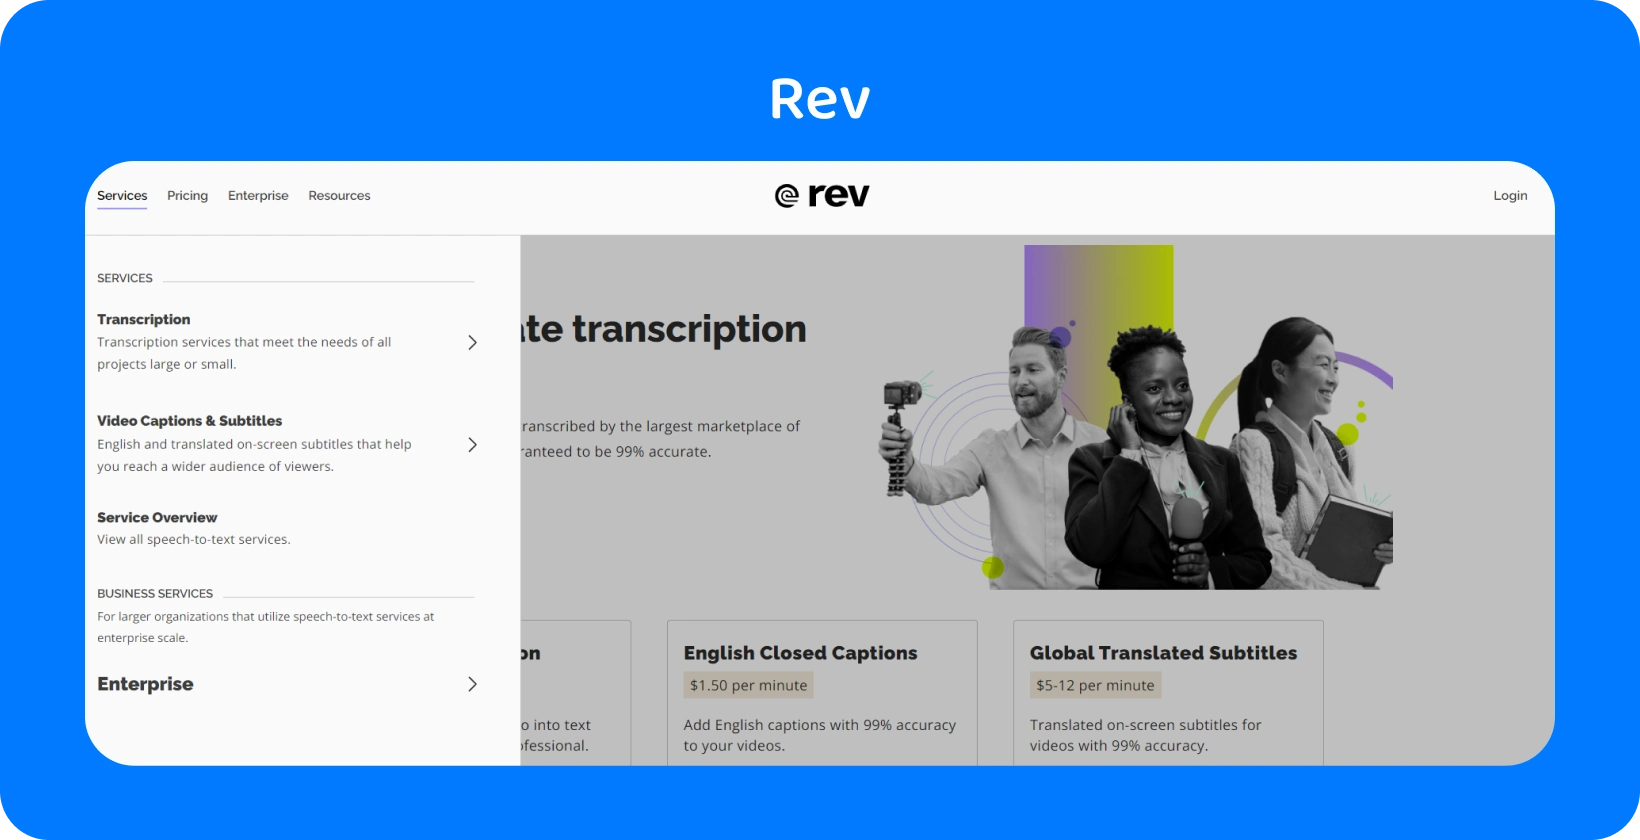 Домашня сторінка Rev демонструє послуги транскрипції для швидкого та точного перетворення аудіо в текст для професіоналів.
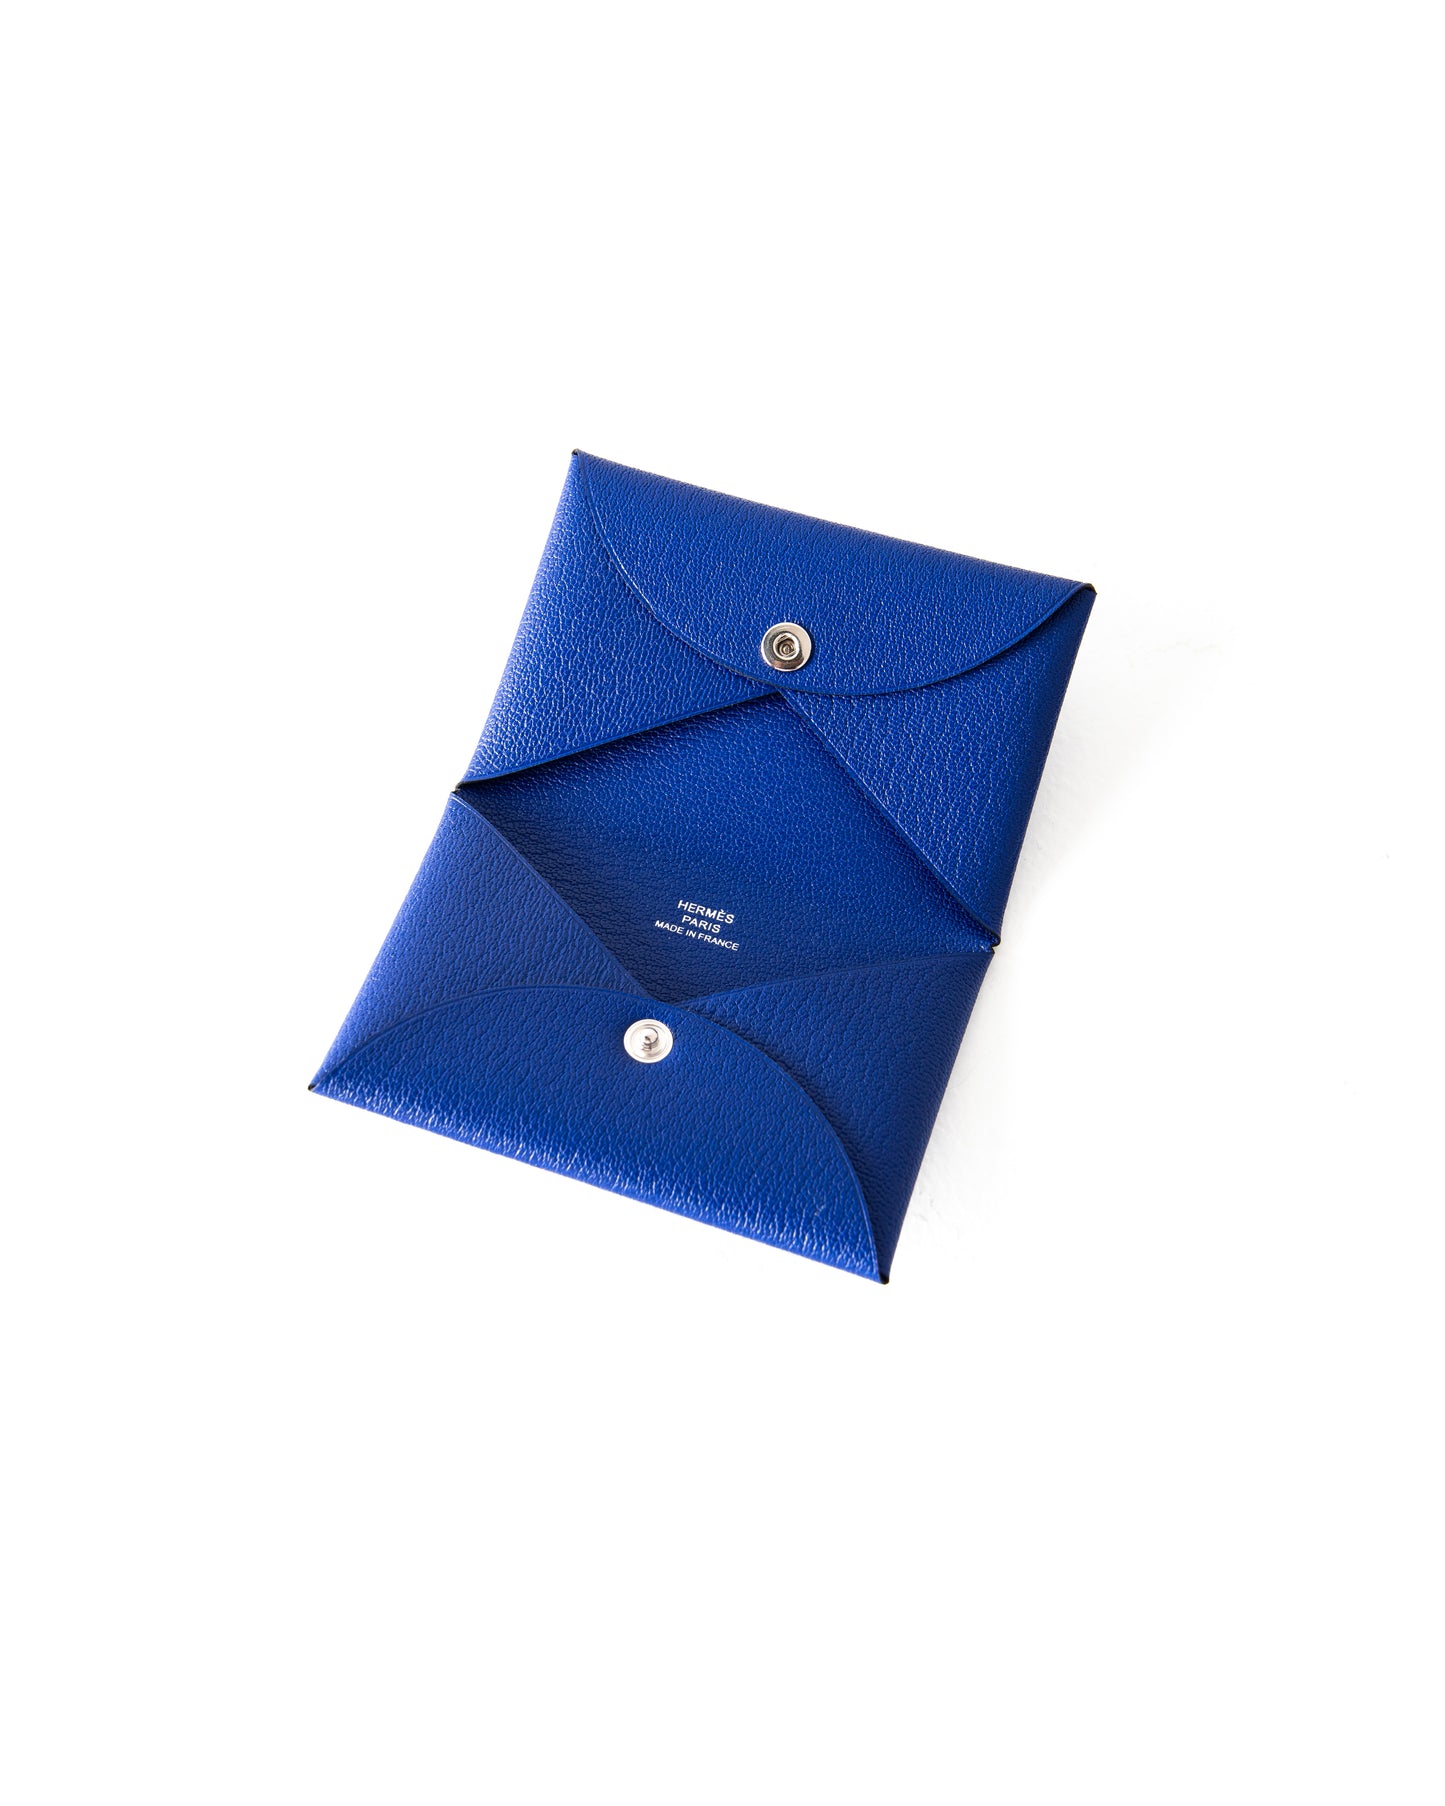 Calvi Card Holder in Bleu Electrique Chevre
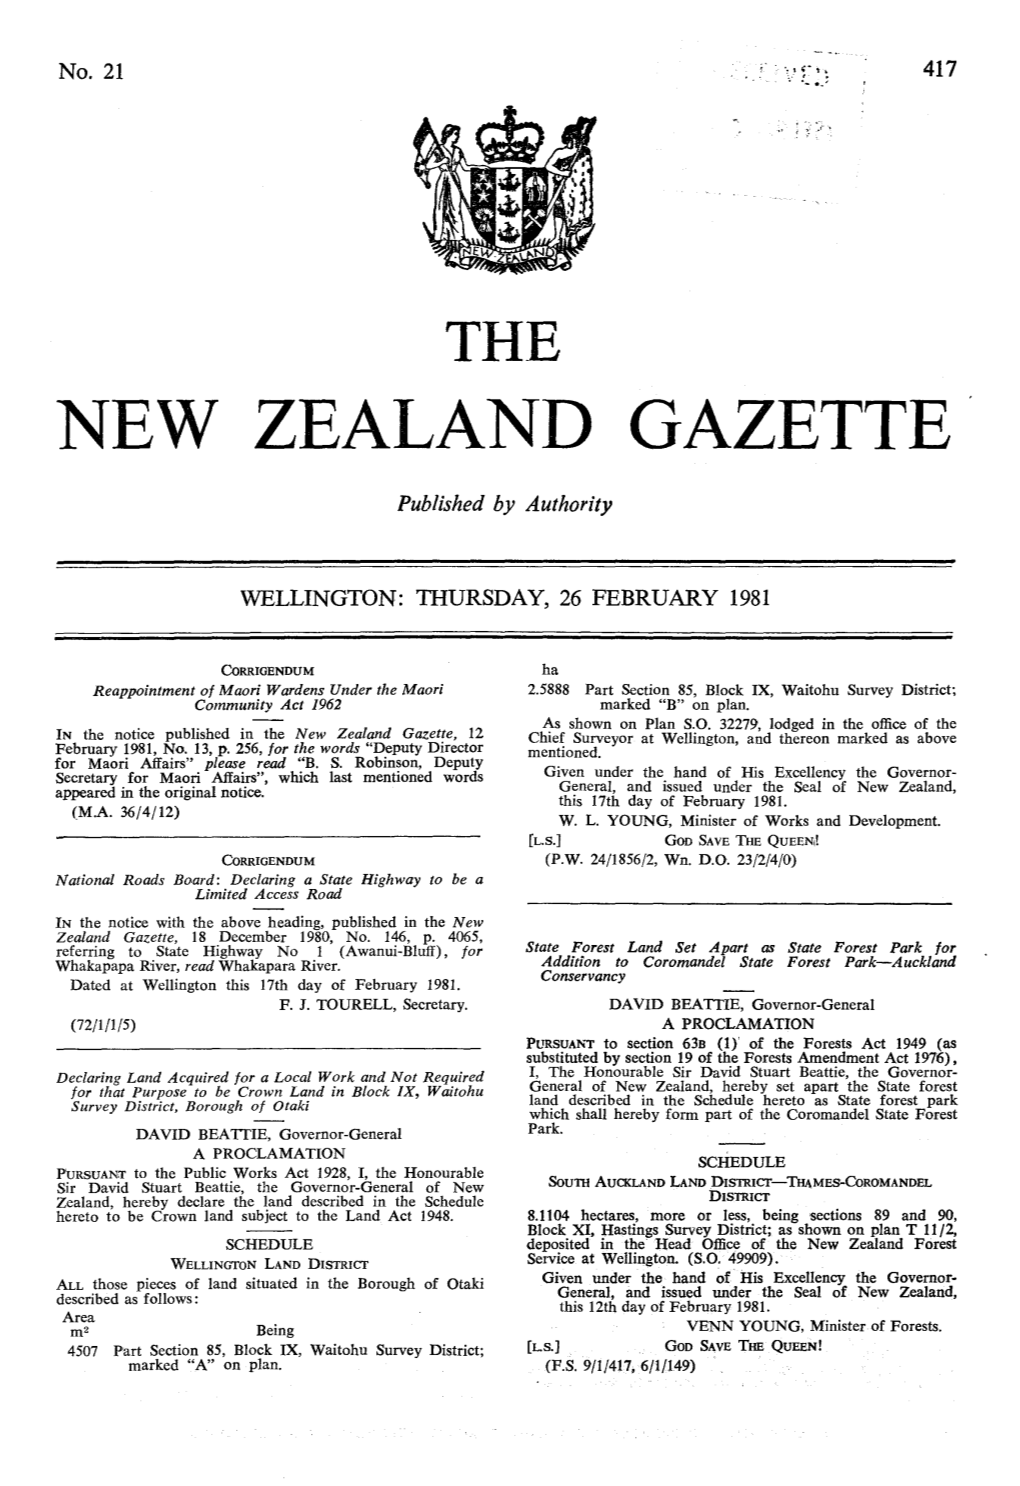 No 21, 26 February 1981

▶ _What to do_
The data above needs to be retyped exactly, with the images left out.

▶ _The answer_
 Домашня сторінка Rev демонструє послуги транскрипції для швидкого та точного перетворення аудіо в текст для професіоналів.
 Calvi Card Holder in Bleu Electrique Chevre
 No 21, 26 February 1981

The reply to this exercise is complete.